Source: ["The Data Products Venn Diagram," Data Community DC](https://www.datacommunitydc.org/blog/2013/09/the-data-products-venn-diagram)

# CRAN does not disappoint for R/Excel interfaces:

- `gdata` (Perl required)
- `readxl` 
- `openxlsx` 
- `writexls` (Perl required)
- `XlConnect` (rJava required)
- `xlsx` (rJava required)
- `excel.link`
- etc...


## For most features with fewest external dependencies go with...
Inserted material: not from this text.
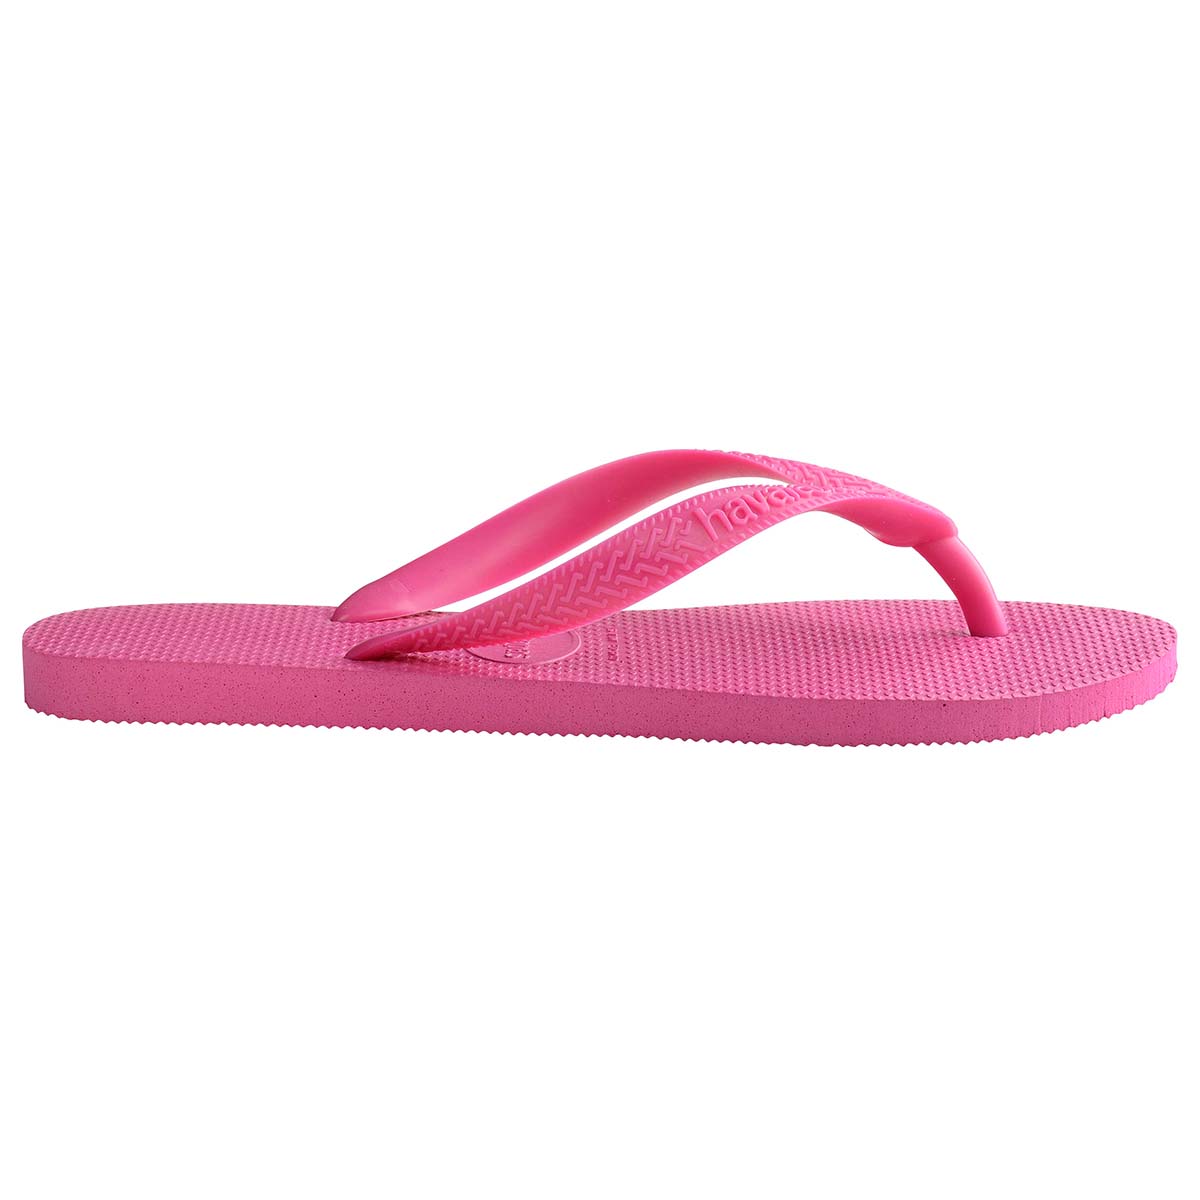 Havaianas Top Unisex Erwachsene Sandalen Zehentrenner Badelatschen 4000029 Pink
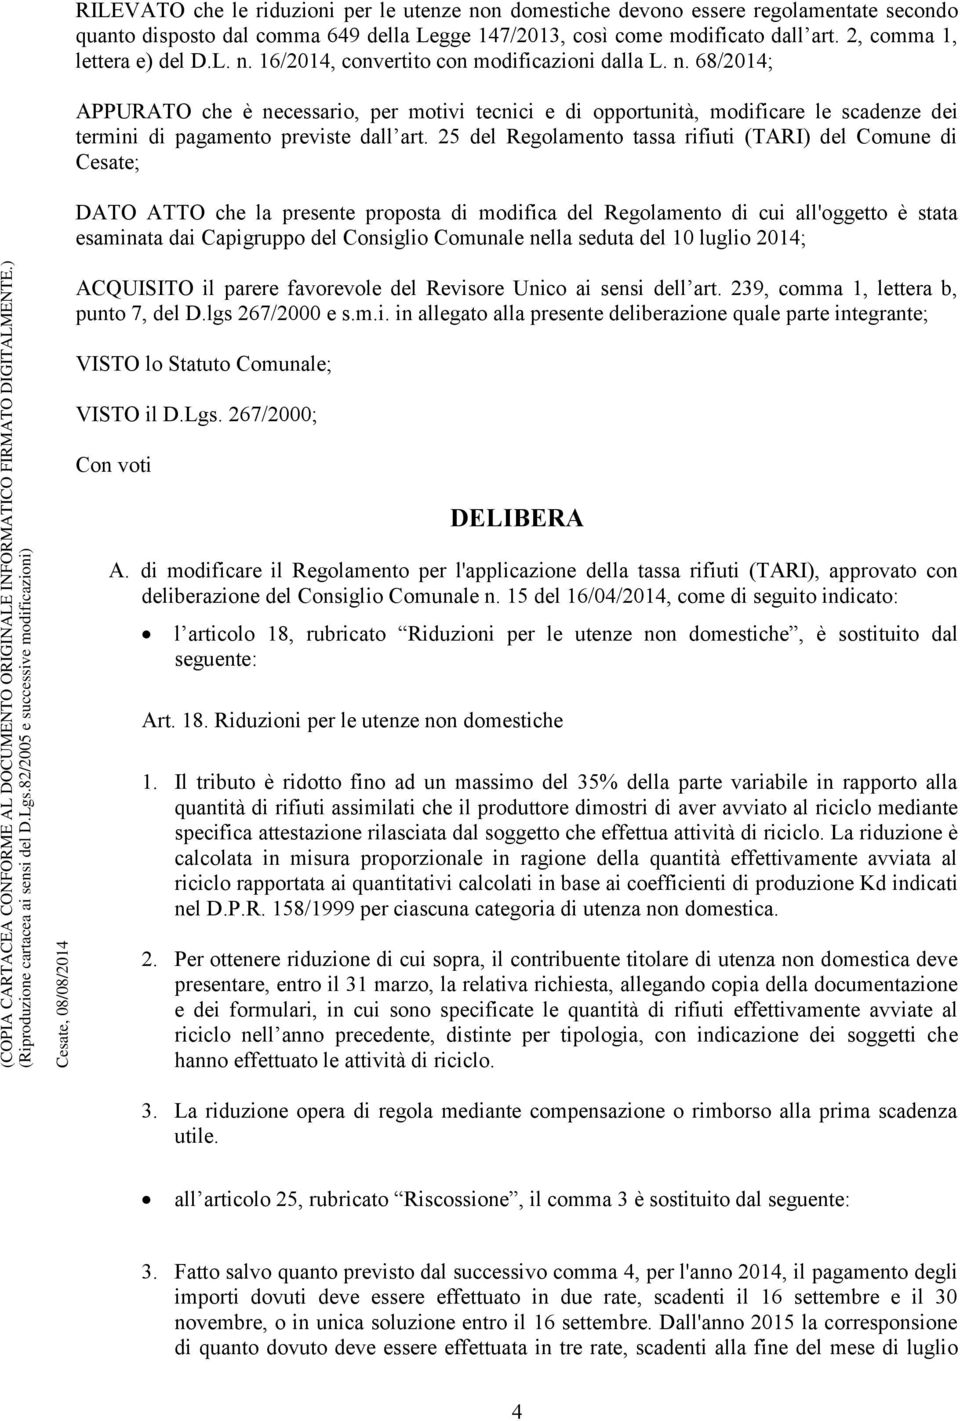 25 del Regolamento tassa rifiuti (TARI) del Comune di Cesate; DATO ATTO che la presente proposta di modifica del Regolamento di cui all'oggetto è stata esaminata dai Capigruppo del Consiglio Comunale

- `readxl`: A *read-only* Excel package from the `tidyverse`
- `openxlsx`: Full-service "R-powered Excel"  (The focus of this workshop)

# The basic workflow:

- Create a blank workbook with `createWorkbook()`
- Add worksheets with `addWorksheet()`
- Add various data frames, plots, summaries, etc.
- Save workbook with `saveWorkbook()`

Let's give it a spin with the `mpg` dataset:

In [None]:
# To interface with Excel
library(openxlsx)
# For data manipulation & visualization
library(tidyverse)
# For "tidying" regression output
library(broom)

mpg = read_csv('https://raw.githubusercontent.com/mwaskom/seaborn-data/master/mpg.csv')

head(mpg)

### The `data` worksheet

First we'll set up objects referring to our workbook and worksheet, respectively. 

In [None]:
# Add workbook
wb <- createWorkbook()

# Add worksheet of raw data
data_sheet <- addWorksheet(wb, sheetName = 'data')

Next, we'll use the `writeDataTable()` function to write `mpg` to this worksheet as an Excel table. 

In [None]:
# Exclude row names
writeDataTable(wb, sheet = data_sheet, x = mpg, rowNames = FALSE)

Pretty much anything you could do to a workbook from Excel, you can do from `openxlsx`. 

For example, let's apply conditional formatting to the `name` column for observations starting with the phrase `ford`:

In [None]:
# Create conditional formatting style
fordStyle <- createStyle(fontColour = "#006100", bgFill = "#C6EFCE")

conditionalFormatting(wb, sheet = data_sheet, 
                  # Find the index position of weight
                  cols = which(colnames(mpg) == 'name'),
                  # Format from rows 2 through the end of mpg (account for header)
                  rows = 2:(nrow(mpg) + 1),
                  # What type of rule is this?
                  type = 'beginsWith',
                  # What is the rule?
                  rule = 'ford',
                  # Apply style
                  style = fordStyle)

### The `analysis` worksheet

I would also like to include an `analysis` worksheet including regression results and a scatterplot of the relationship between `mpg` and `weight`. 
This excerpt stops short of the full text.